On April 4, 2024, the U.S. Securities and Exchange Commission (SEC) published an Order Issuing Stay of rules promulgated on March 6, 2024 requiring registrants to provide certain climate-related information in future registration statements and annual reports (Final Rule). The stay responds to litigation filed in the Fifth and Eighth Circuit Courts of Appeals seeking judicial review of the Final Rule. The stay, according to the Order, will facilitate orderly judicial resolution of the large number of petitions filed for review of the Final Rule. The stay also avoids potential regulatory uncertainty for registrants if the Final Rule went into effect during the pending judicial review.  Despite the stay, the SEC emphasized that the Final Rule is consistent with applicable law and long-standing SEC authority. A few observations:

  1. The stay is based on statutory authority of the SEC 15 U.S.C. § 78y(c)(2) and the APA 5 USC § 705, not a judicial order. Likely, once exclusive jurisdiction is determined for the challenges to the Final Rule, a judicial stay will follow.

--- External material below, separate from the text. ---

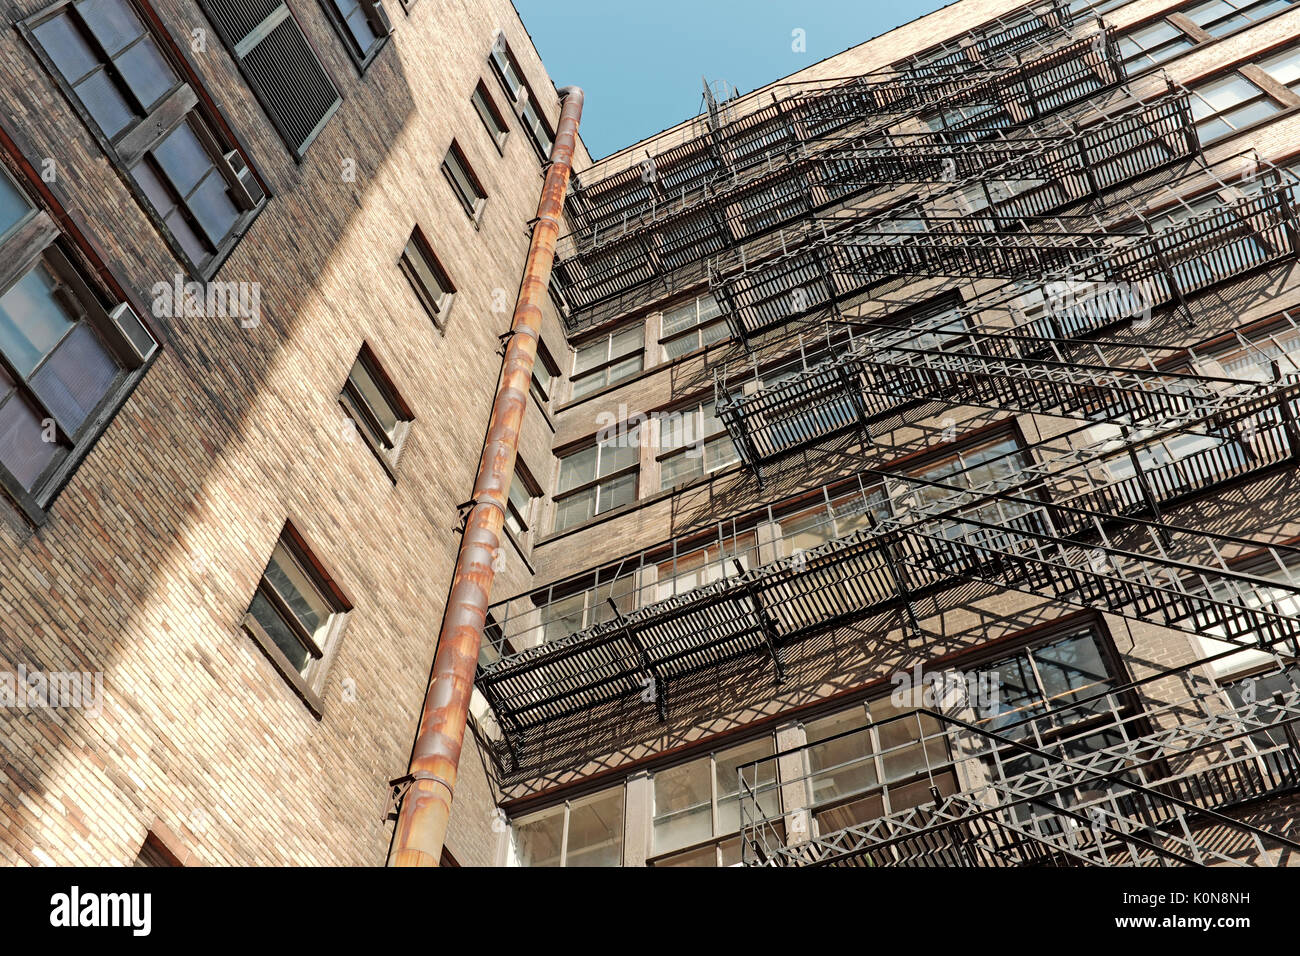 External fire escape steel stairs/platforms attached to the exterior of an old office building in Cleveland, Ohio, USA Stock Photo

  2. The stay means that the rules don’t go into effect on May 4, 2024 as originally scheduled. Cascading deadlines won’t be enforceable until after the litigation resolves.
  3. If the litigation is resolved quickly, then the reporting deadlines could still apply as published, with first disclosures for larger registrants in 2026 (for FY 2025). Registrants are wise to continue to prepare to fulfill the Final Rule’s legal requirements.
  4. Realistically, this litigation is not likely to resolve quickly. Challengers may slow roll the litigation through the November election. Registrants may also slow down preparations to fulfill the requirements of the Final Rule until after the November election.
  5. Practically, the longer the litigation extends, the more likely the compliance deadlines for registration statements and reporting will be extended.
  6. Meanwhile, the 2010 SEC climate disclosure guideline remains in place.